# Hello from space!!!



## llilill (Nov 10, 2007)

Hi most call me Ron. I currently reside in Long Beach, CA.

Just thinking about occupying some of my free time with something,

most women find absolutely horrid and discusting! Way to go Ron! I

think I am on to something?

I need to find it, but can we post small video clips on this forum? I have

a sweet short of a mantid coiling up the abdomen, aiming and firing a shot

of urine on to my frig door almost 2' behind her, all while munching a cricket's

head off! It's classic lawsuit material, cause there is no way she will be able to

plead not guilty to vandalizing my ice box!

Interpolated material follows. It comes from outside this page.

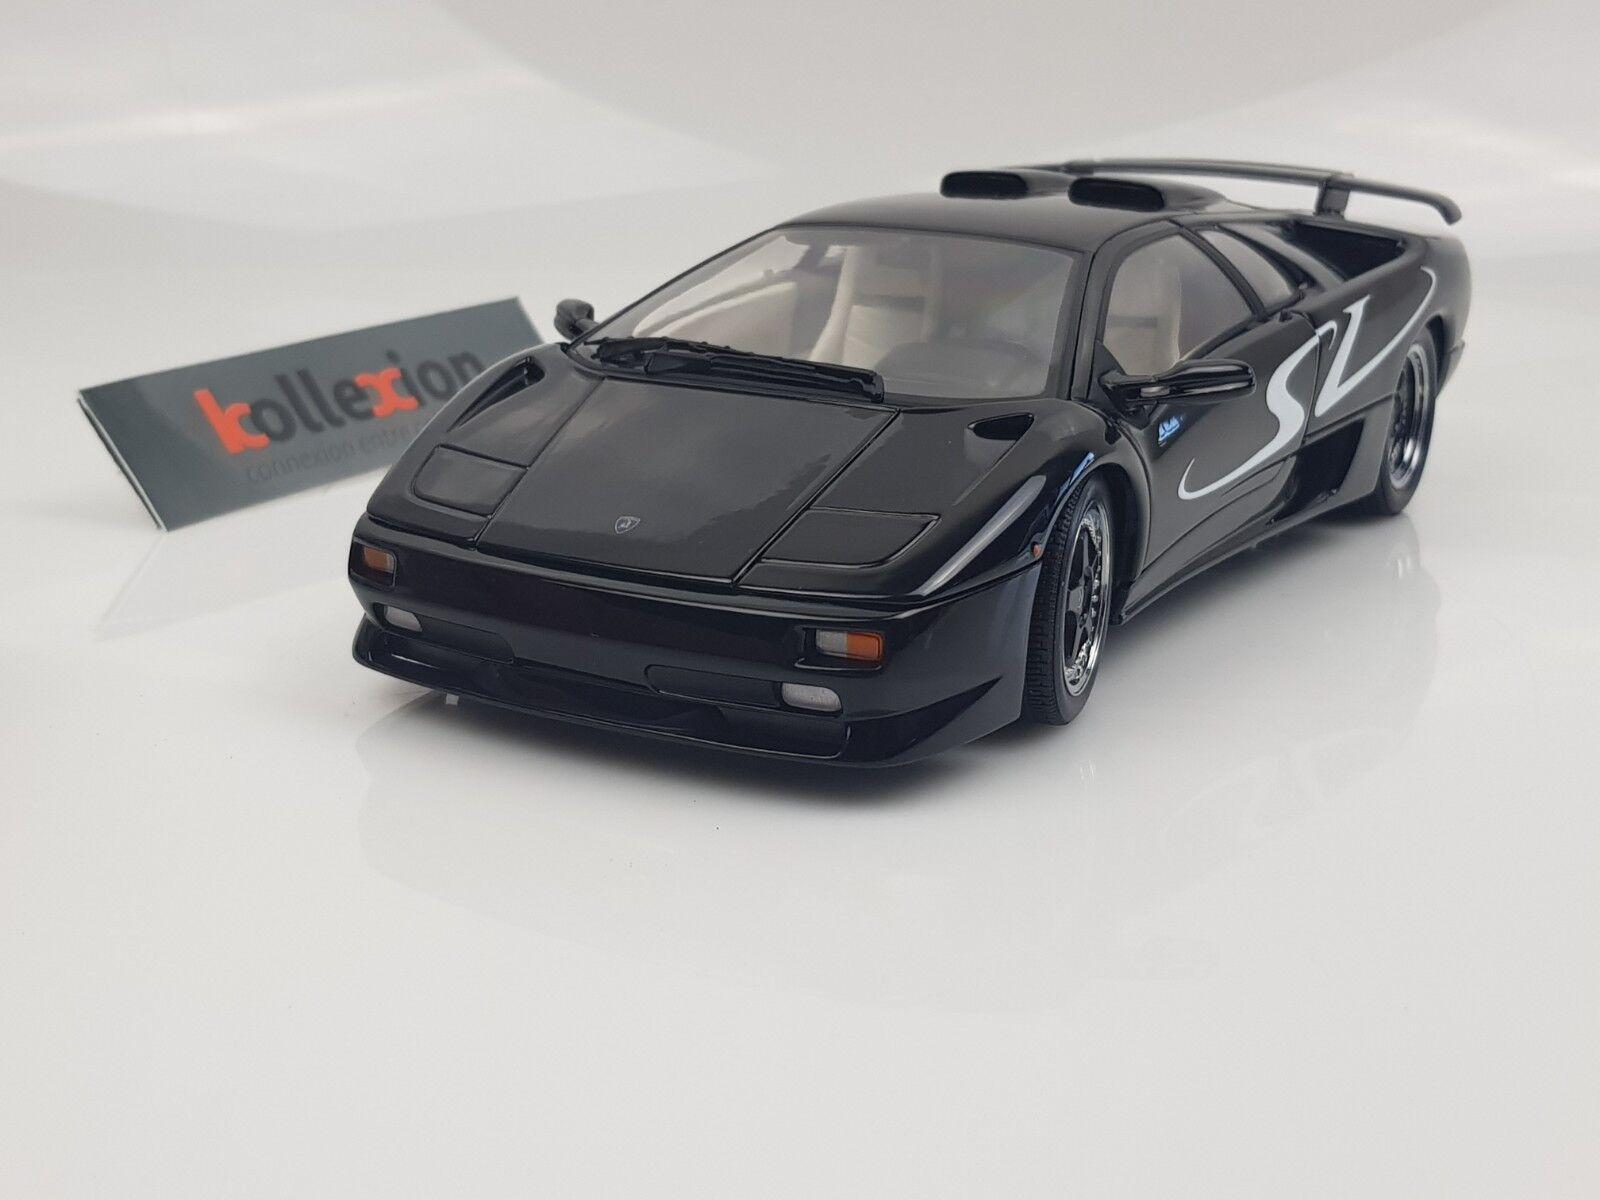 Autoart A70081 Lamborghini Diablo Sv biancaa 1.18 Fans

Have a good one!! Tomorrow is my favorite day!! 11-11

ronPp


----------



## robo mantis (Nov 10, 2007)

Welcome


----------



## Rick (Nov 10, 2007)

Welcome


----------



## asdsdf (Nov 10, 2007)

Welcome! Sparky lives in Long Beach as well.


----------



## hibiscusmile (Nov 10, 2007)

Welcome form OHIO!


----------



## Sparky (Nov 10, 2007)

HEY!!! OMG I LIVE IN LONG BEACH, CALI TOO!

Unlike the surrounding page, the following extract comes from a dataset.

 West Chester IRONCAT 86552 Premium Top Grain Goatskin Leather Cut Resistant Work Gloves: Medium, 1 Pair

WOOOOOTTT!!! how old are you?


----------



## llilill (Nov 10, 2007)

I'm 31 if I remember correctly!

Honestly I stopped keeping track at about

the age 15. When I was still young and

innocent.

Where abouts do you live in L.B.? I am

right around the Redondo and Broadway

area. We should hook up. Maybe you

can help jump start my insect rearing.

Holla

Send me a pm if possible and I'll give

you my digits.

peace outside

ronPp


----------



## Sparky (Nov 10, 2007)

llilill said:


> I'm 31 if I remember correctly!Honestly I stopped keeping track at about
> 
> the age 15. When I was still young and
> 
> ...


LOL, I don't know you that well. You're 31 and I'm 15, I don't feel safe meeting a stranger just yet..


----------



## llilill (Nov 11, 2007)

Duh! My bad I had no idea you were

so young. Don't worry I have no intention

of meeting you. You stay with the little

people and I will stay with the big people.

Have a nice day.

ronPp

There i was assuming he was an adult.

Yikes!!

Oh well live and learn.

Be more careful next time.


----------



## llilill (Nov 11, 2007)

Okay now this is just straight creepy.

I made a comment about when I was 15

and the guy is 15. NM this has just

weirded me out completely.

good night

ronPp

PS Circle Pets is hardly a place to purchase

reptiles or anything other than tropical fish.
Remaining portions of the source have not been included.